* WHAT YOU WILL DO:
Would you please repeat, word for word, only the lines from the one holding "3684 NW 83rd Ln Sunrise, FL 33351, USA" through the one holding "Three Rivers Classic" in the material below, without the pictures?

* MATERIALS PROVIDED:
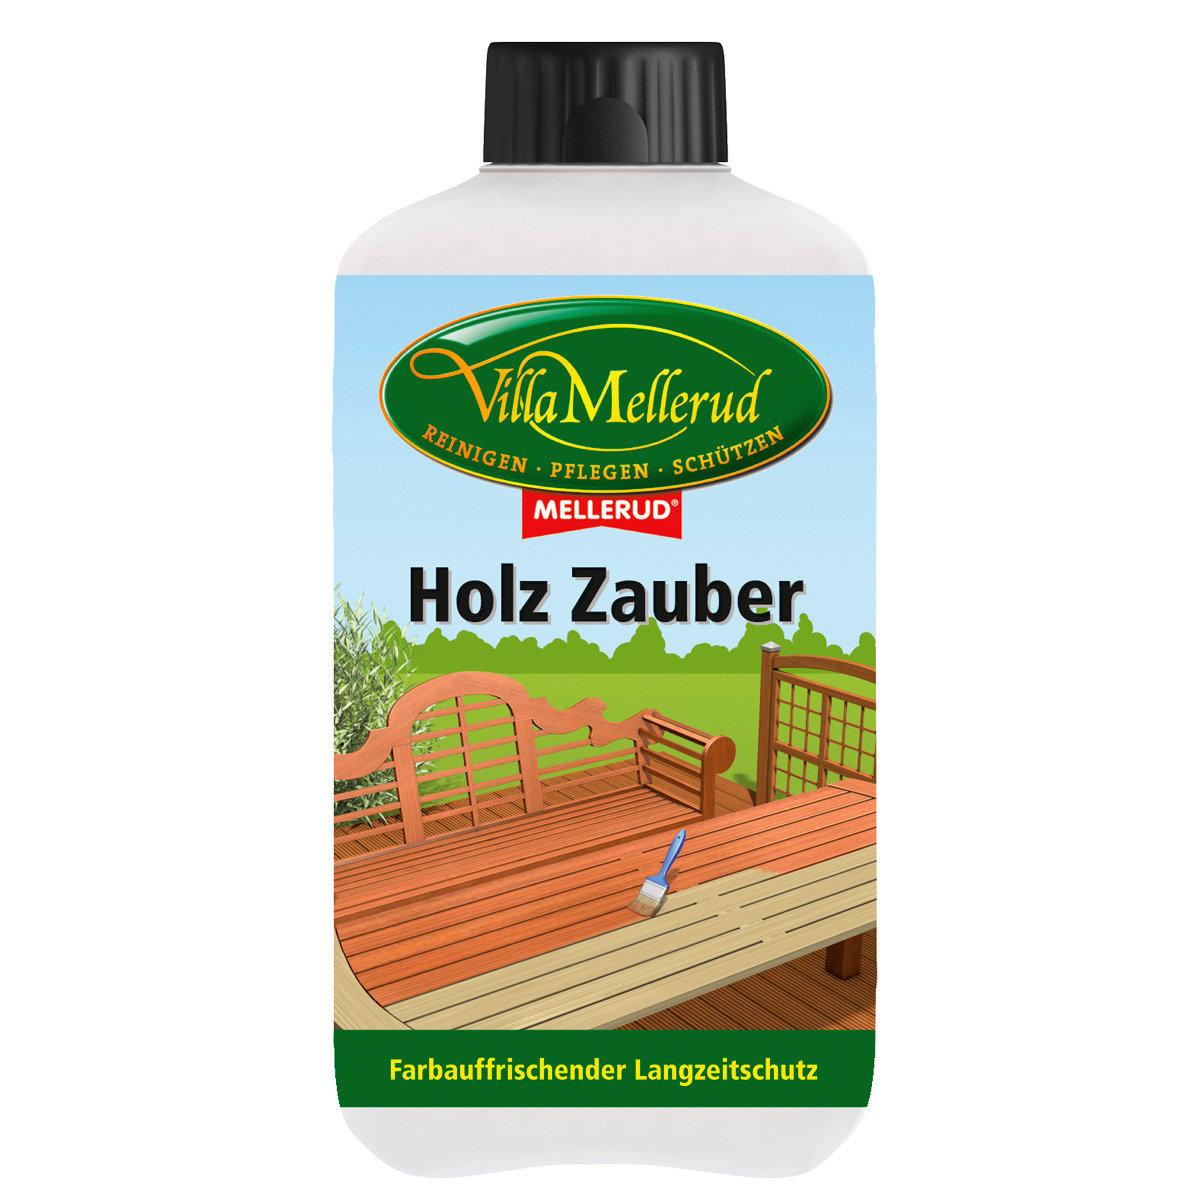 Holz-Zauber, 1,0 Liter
==
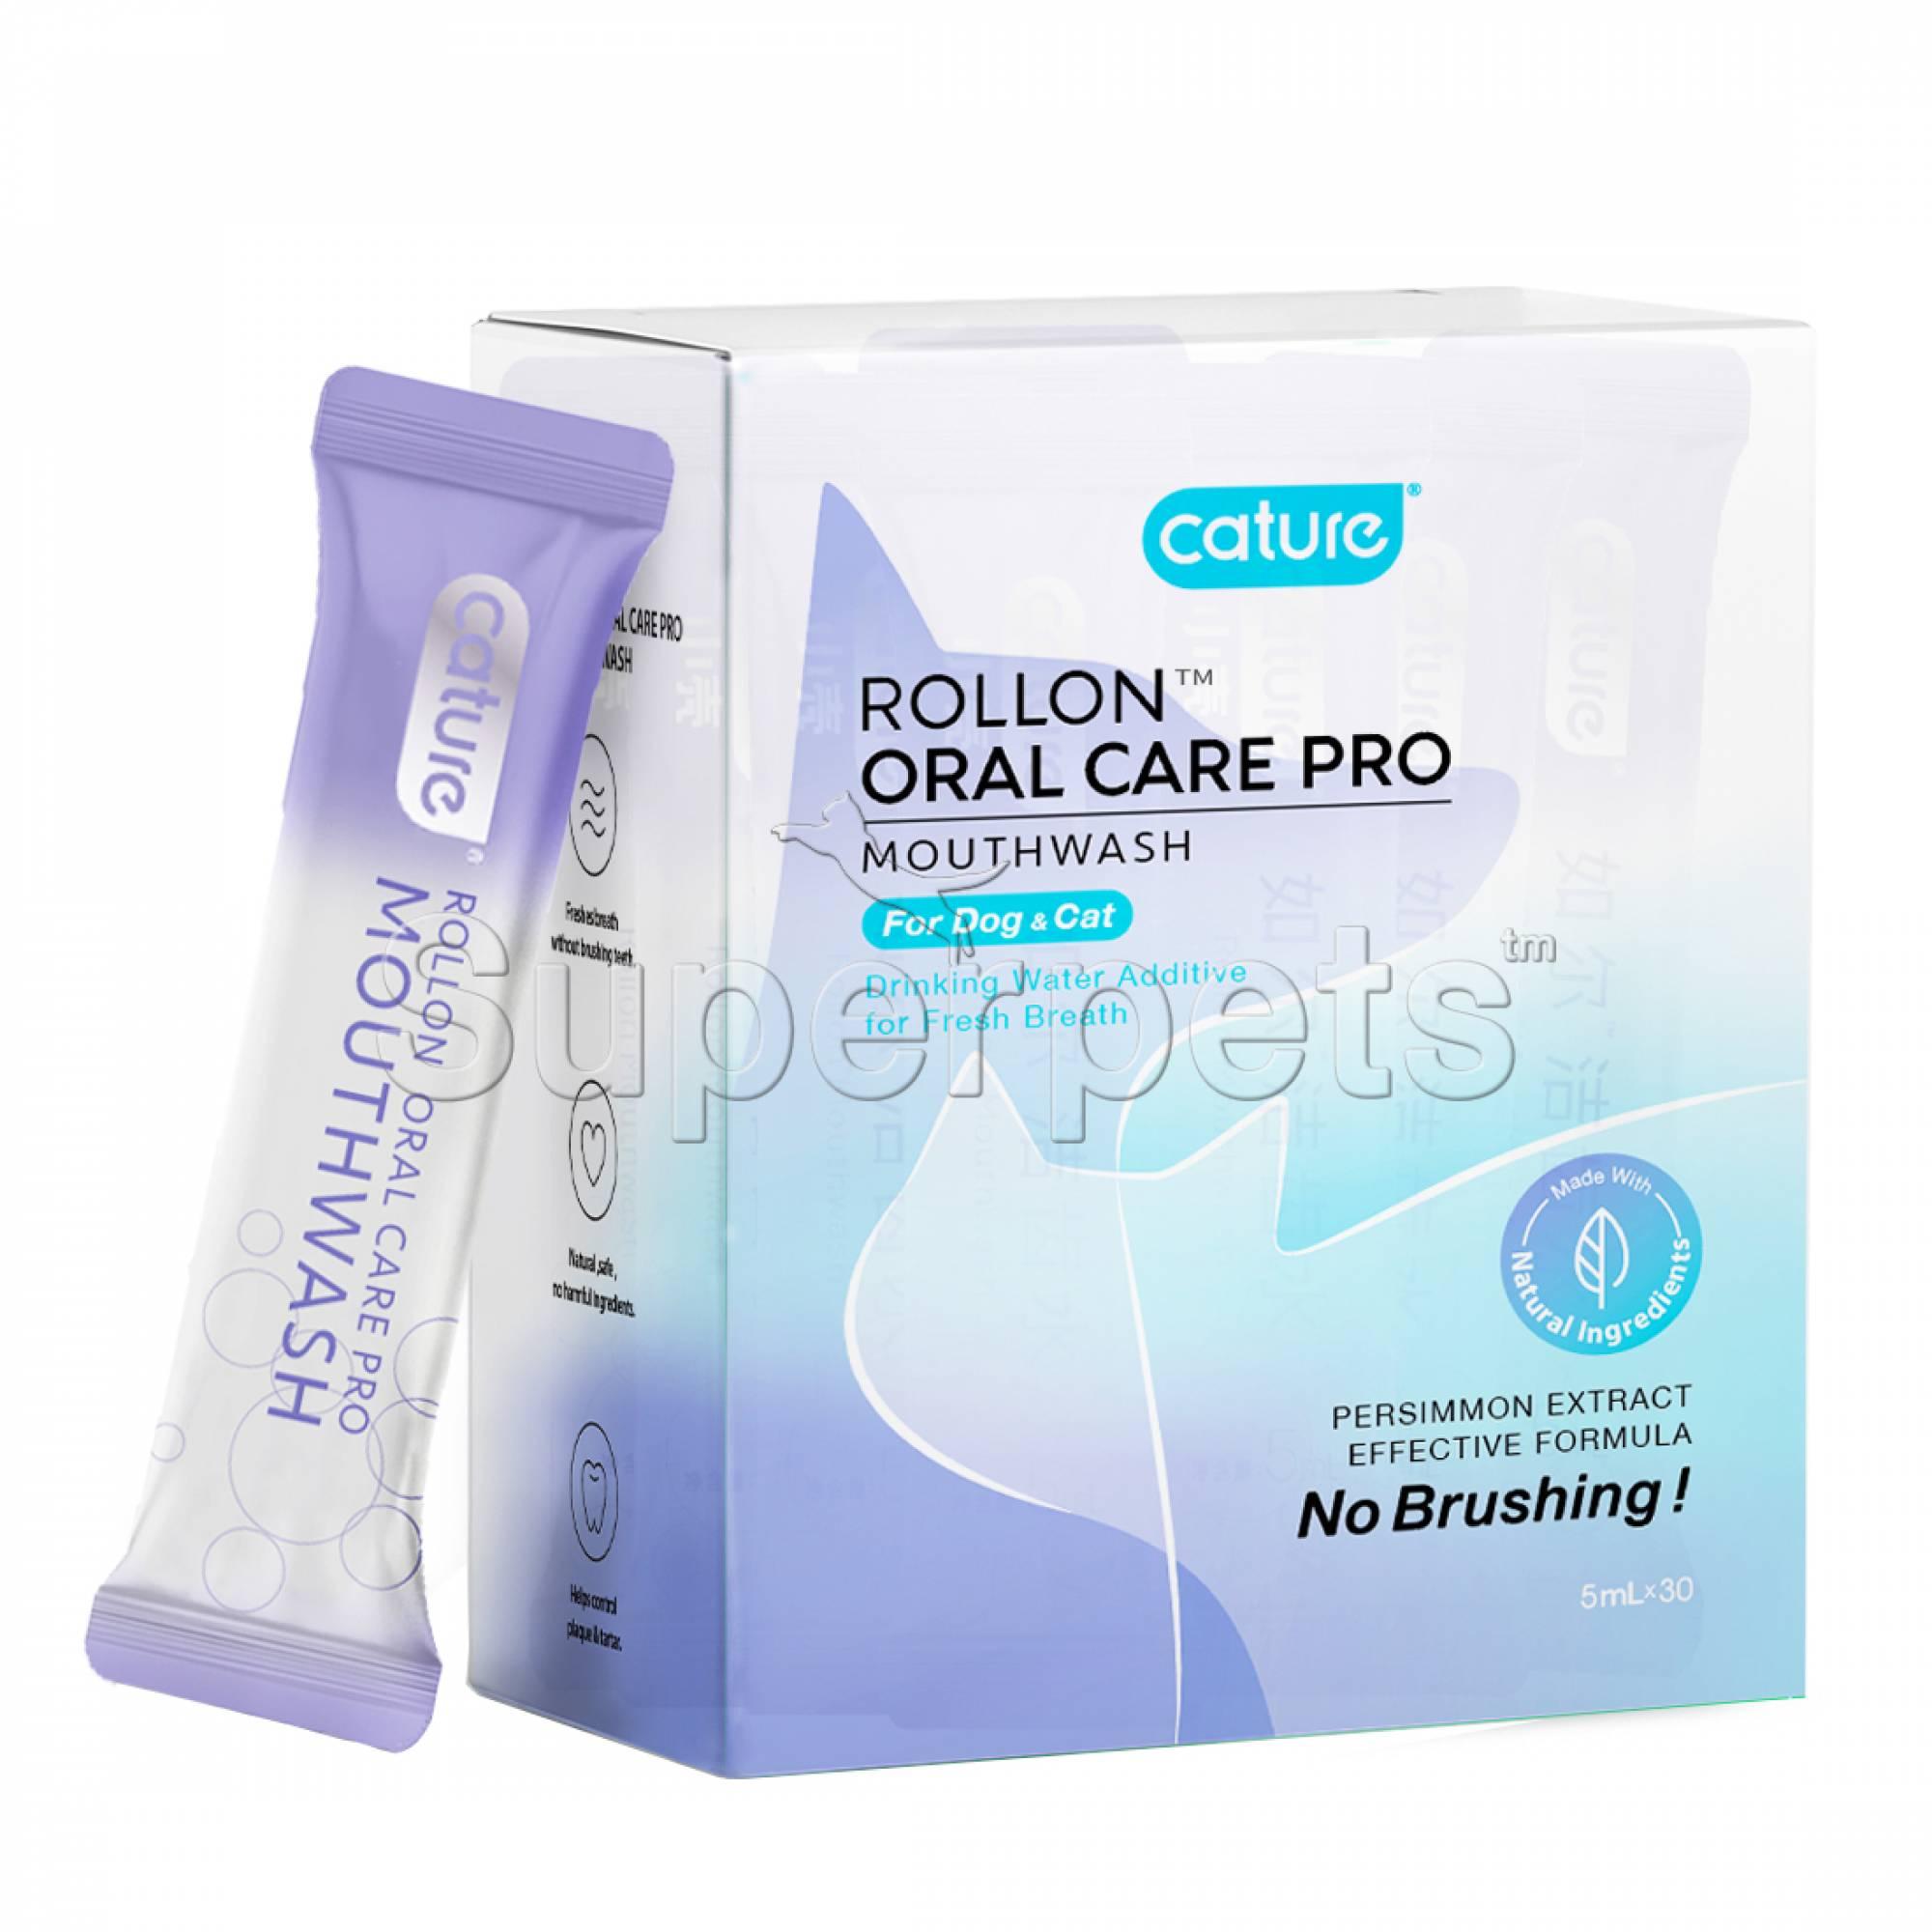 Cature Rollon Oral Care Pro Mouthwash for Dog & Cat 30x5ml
==
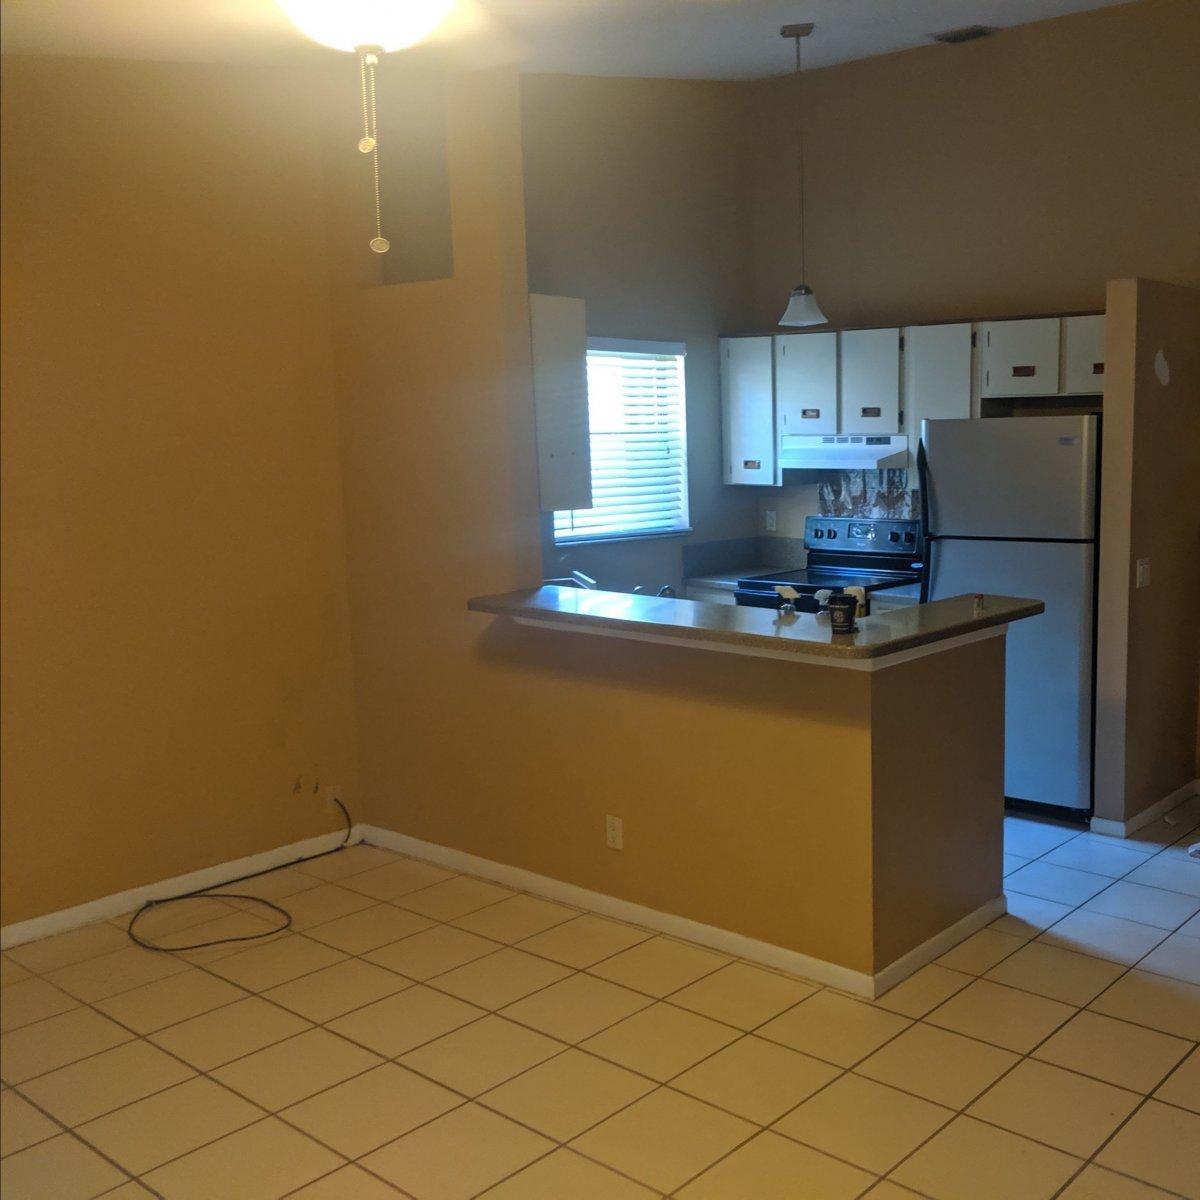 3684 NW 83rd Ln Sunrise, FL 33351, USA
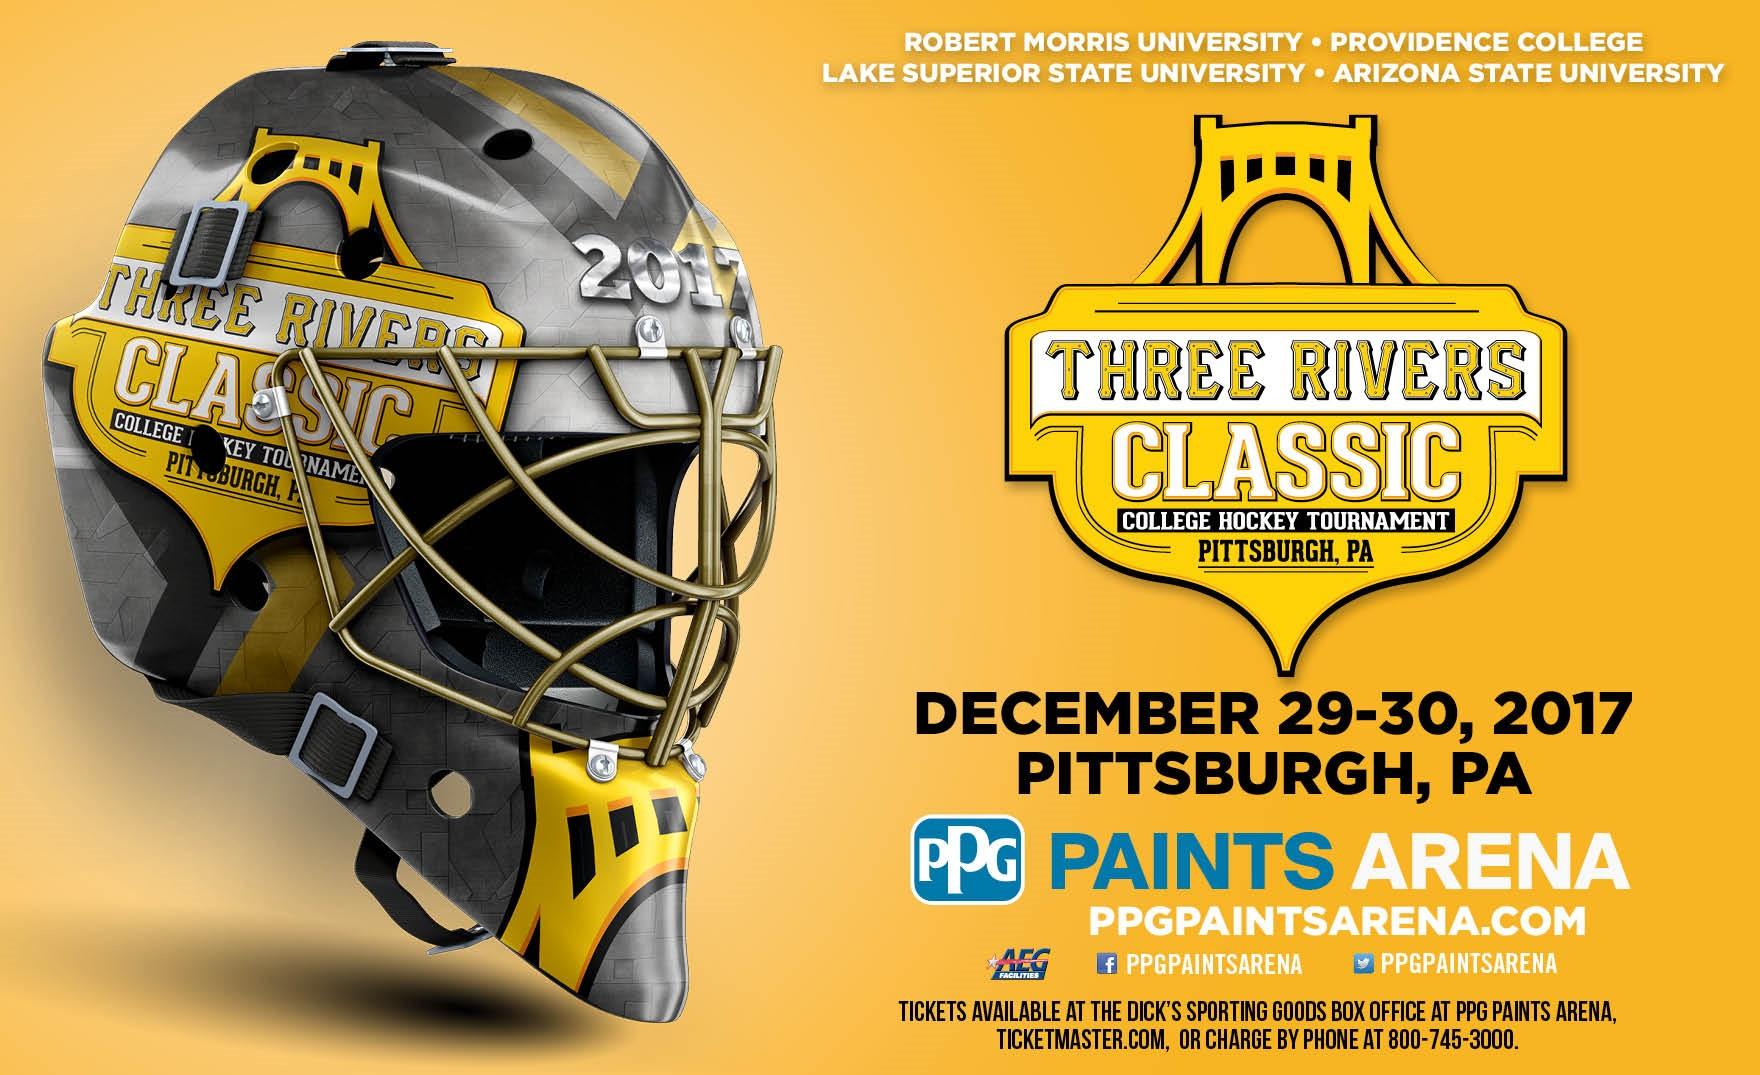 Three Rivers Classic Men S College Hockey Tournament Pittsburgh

* ANSWER TO THIS PROBLEM:
 3684 NW 83rd Ln Sunrise, FL 33351, USA
 Three Rivers Classic Men S College Hockey Tournament Pittsburgh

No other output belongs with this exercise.